**Required action**: Pictures are to be left out, and only the lines from the one with "Smallbore 3-position target" through the last line of the listing below are to be repeated exactly.

**Data excerpt**:
•••

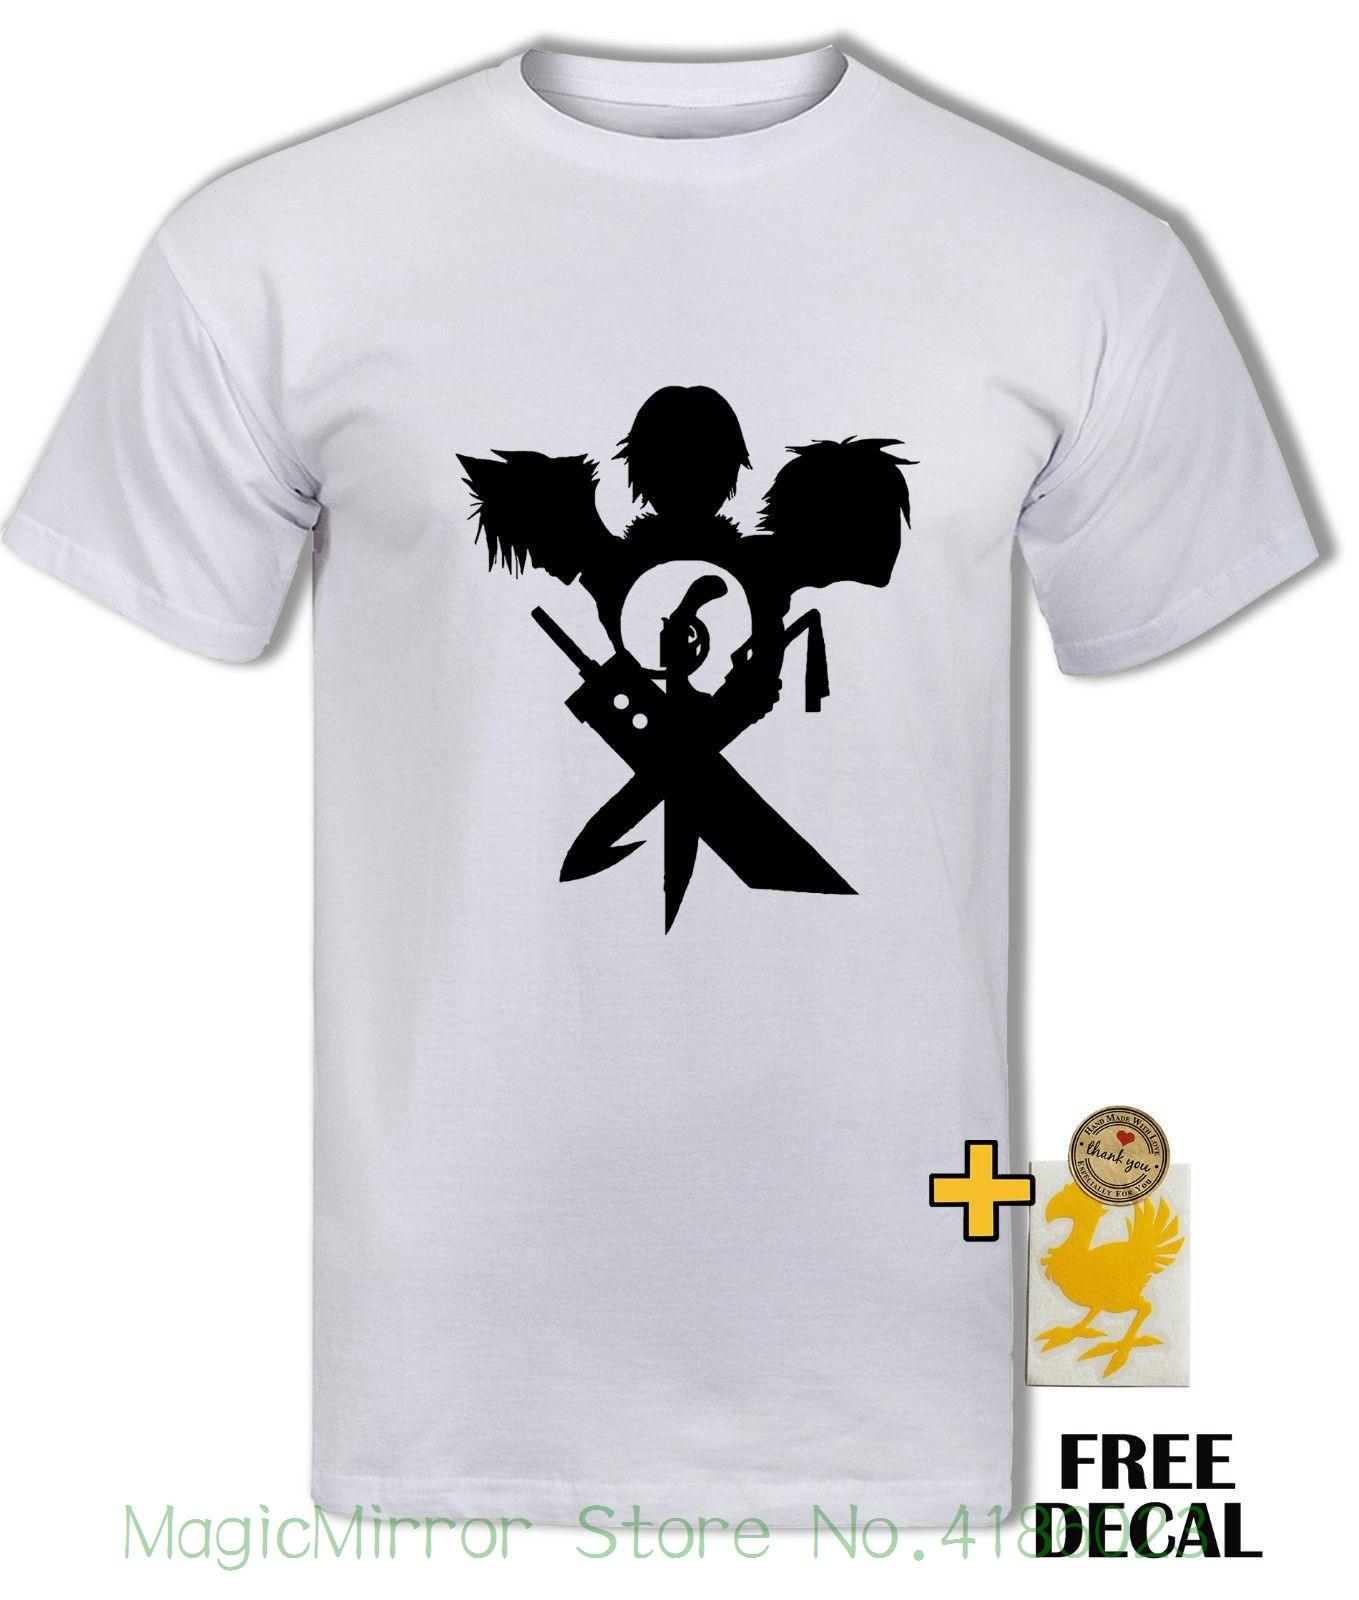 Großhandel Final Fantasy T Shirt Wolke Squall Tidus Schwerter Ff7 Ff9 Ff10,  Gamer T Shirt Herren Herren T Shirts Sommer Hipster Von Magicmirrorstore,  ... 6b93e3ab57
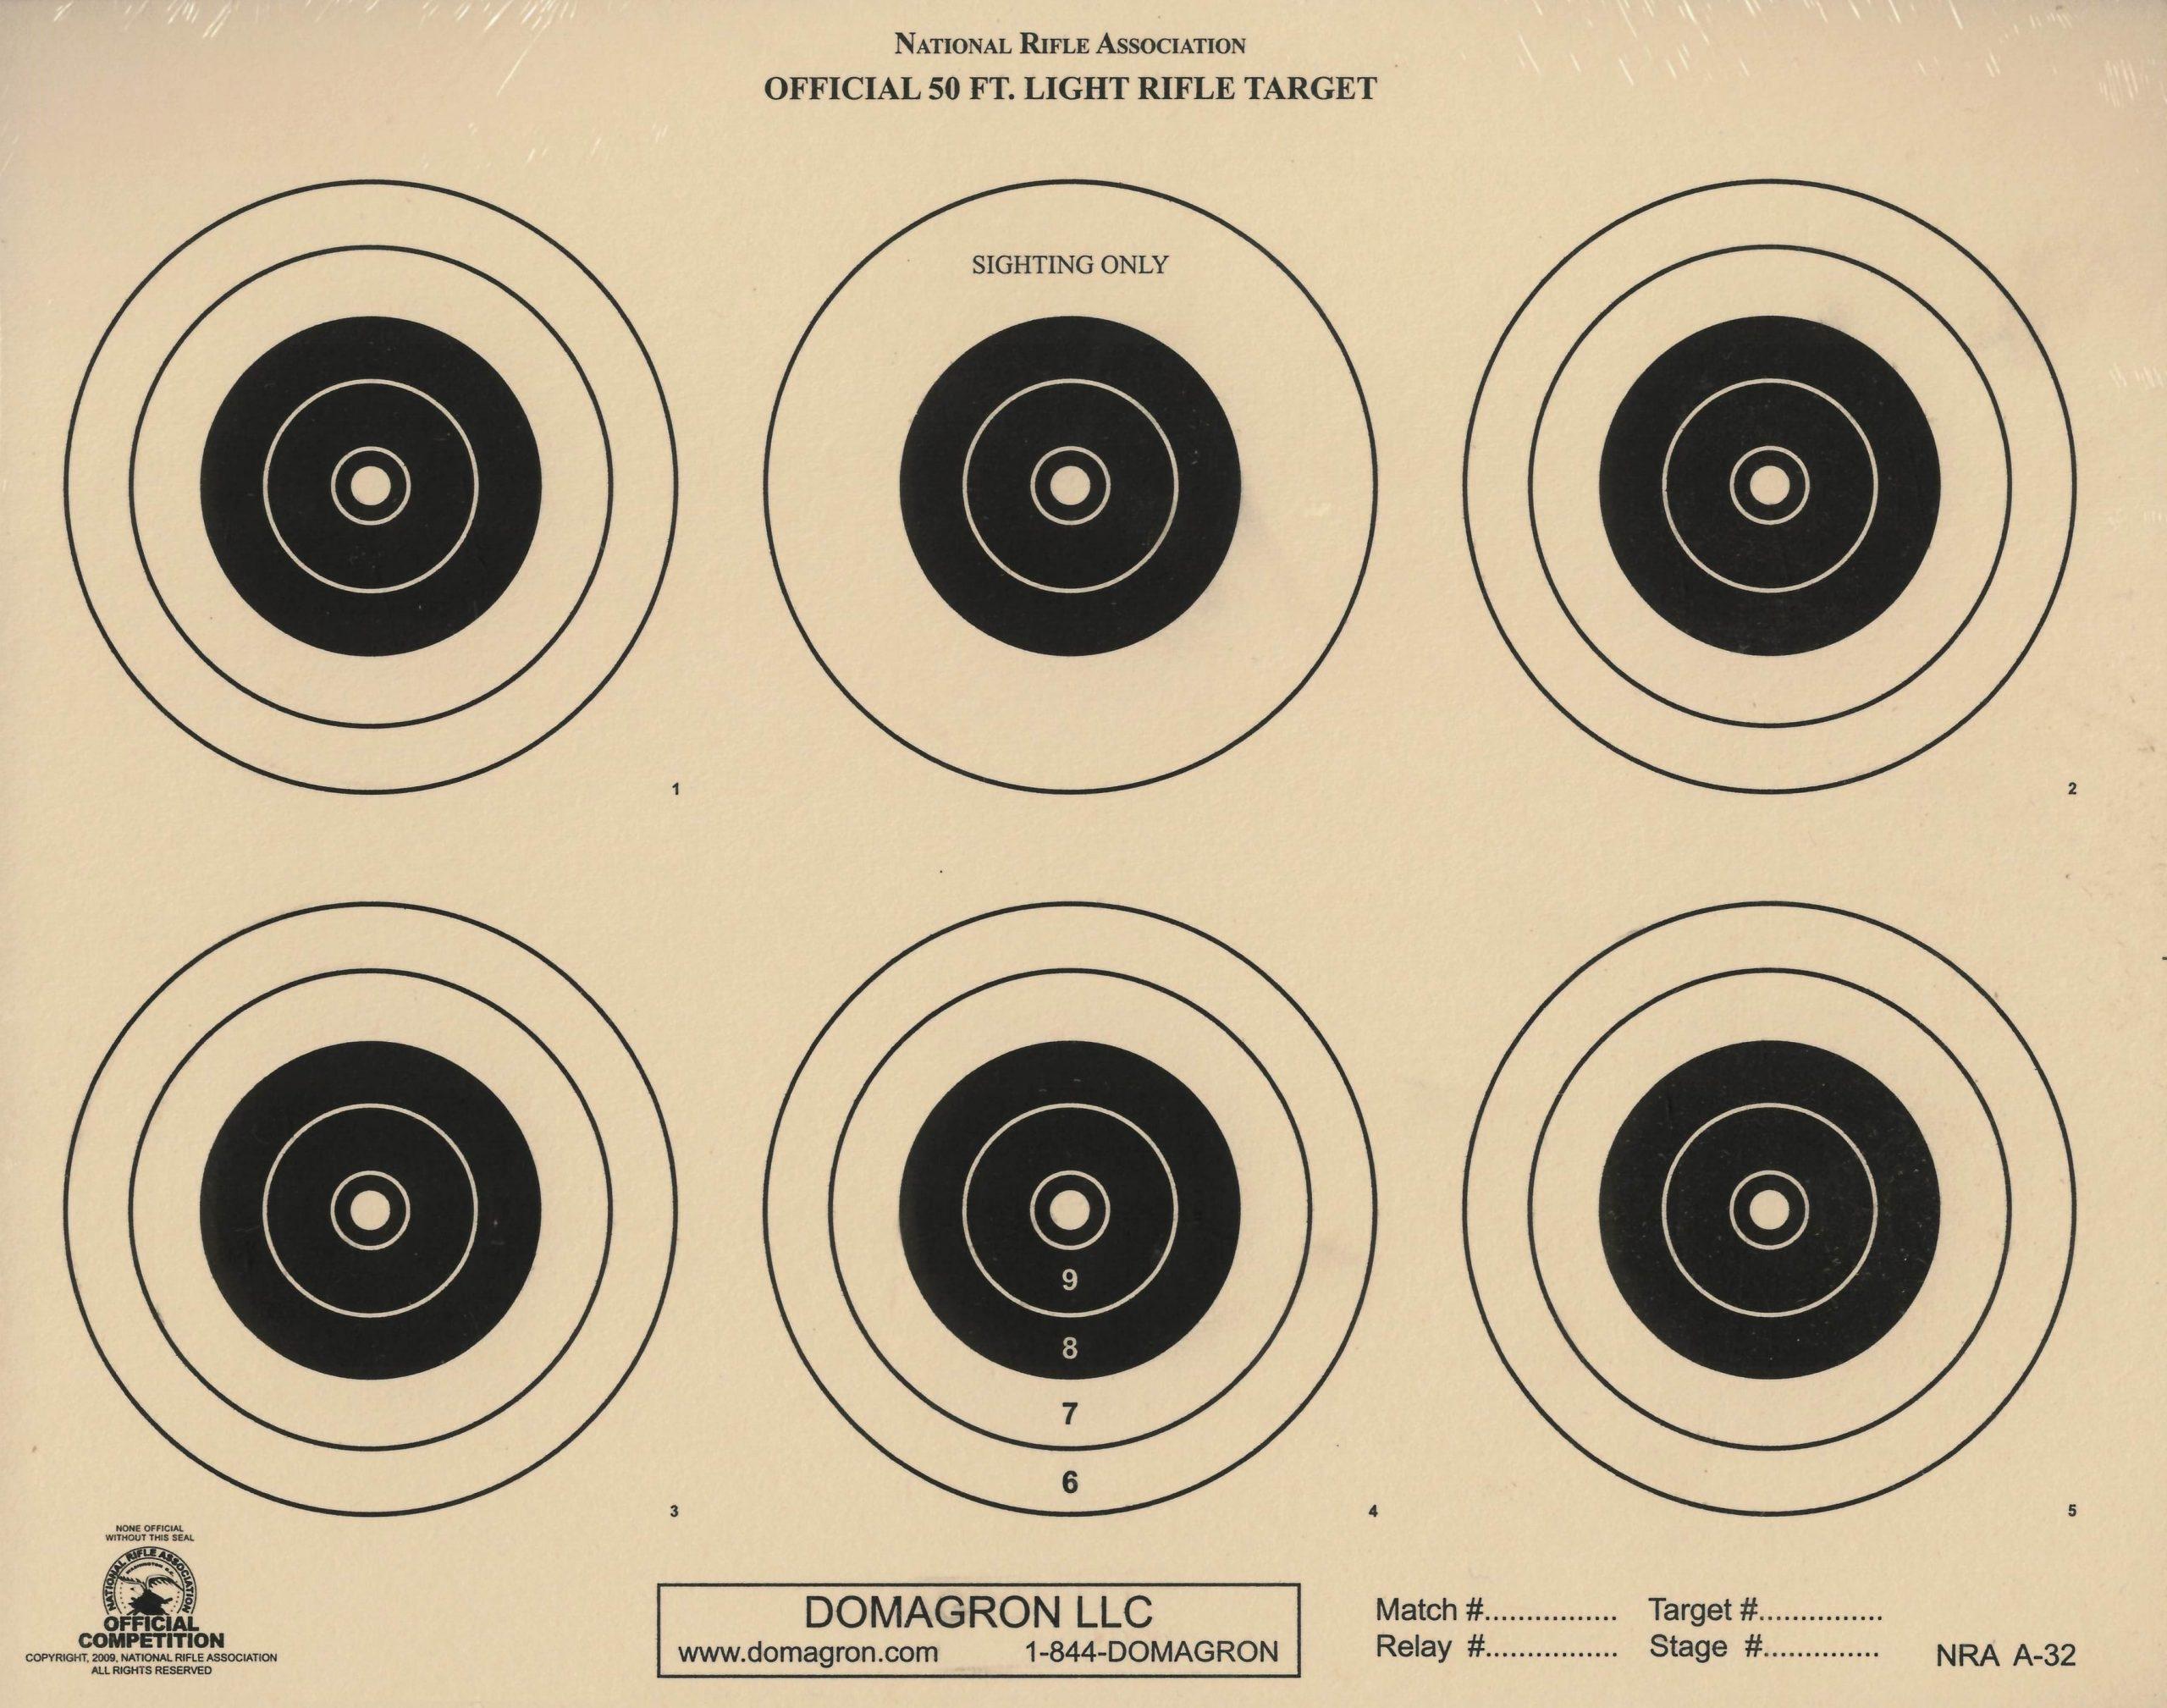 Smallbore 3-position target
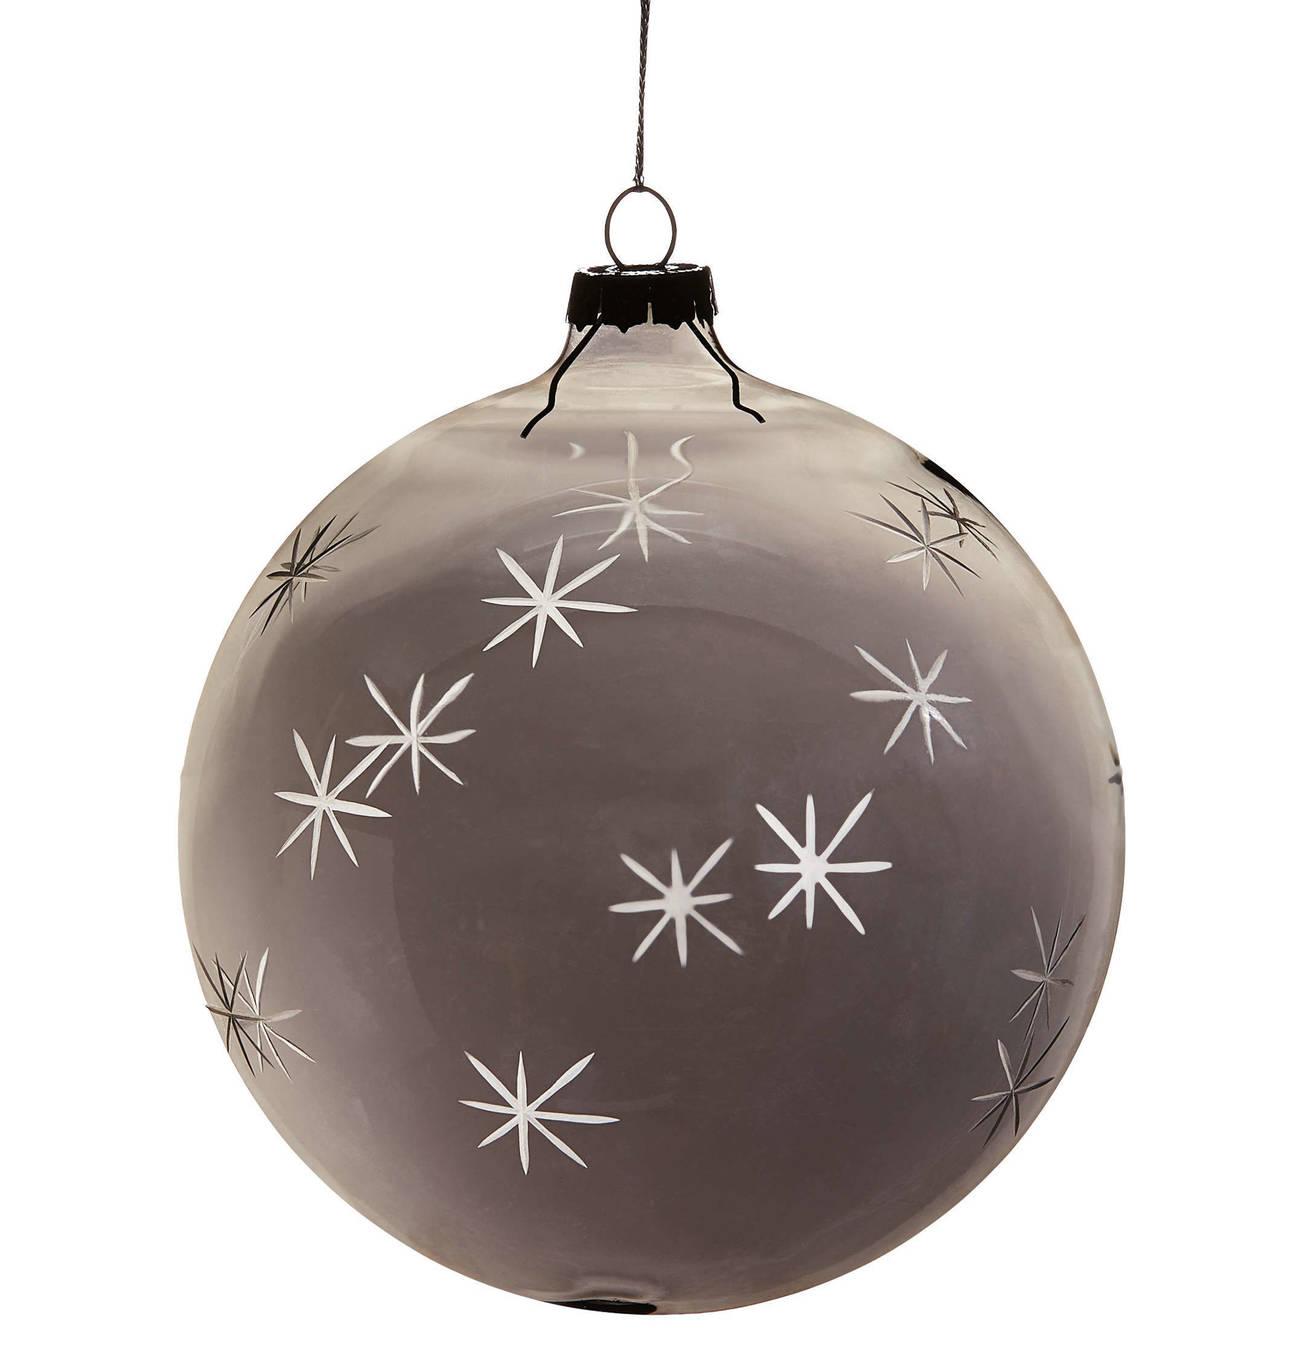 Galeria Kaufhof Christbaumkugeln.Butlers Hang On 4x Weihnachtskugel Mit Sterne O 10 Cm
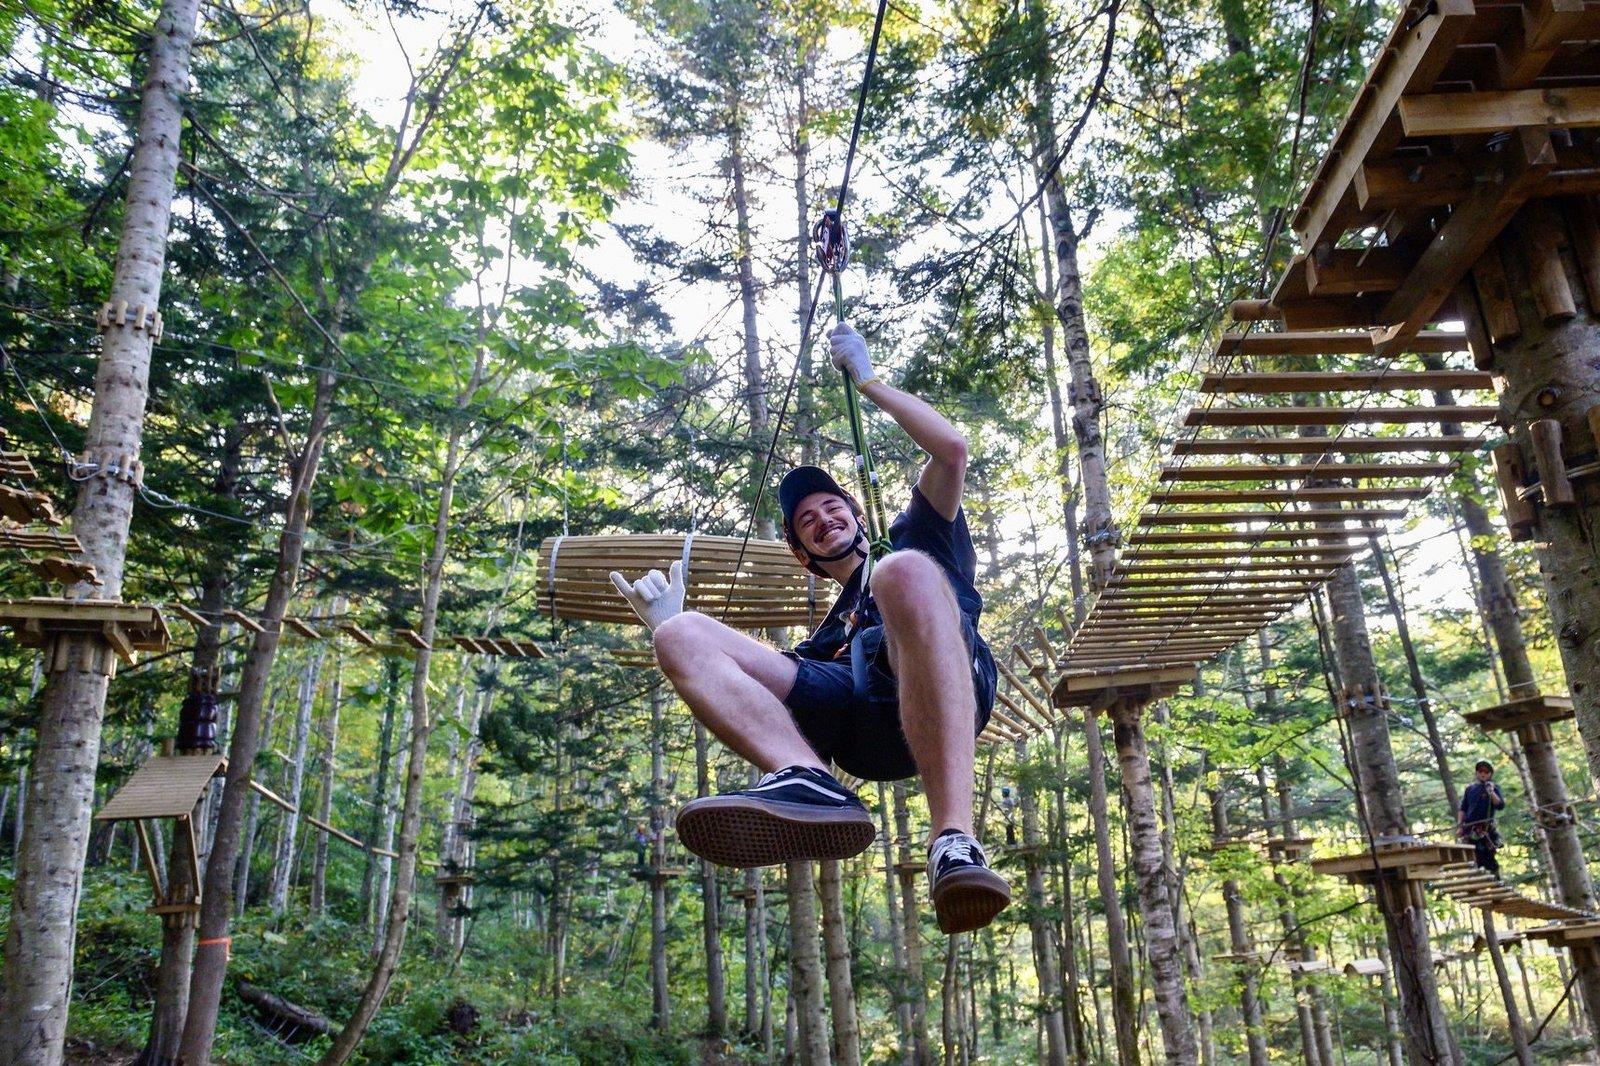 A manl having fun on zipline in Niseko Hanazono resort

•••

**Output for this task**:
 Smallbore 3-position target
 Galeria Kaufhof Christbaumkugeln.Butlers Hang On 4x Weihnachtskugel Mit Sterne O 10 Cm
 A manl having fun on zipline in Niseko Hanazono resort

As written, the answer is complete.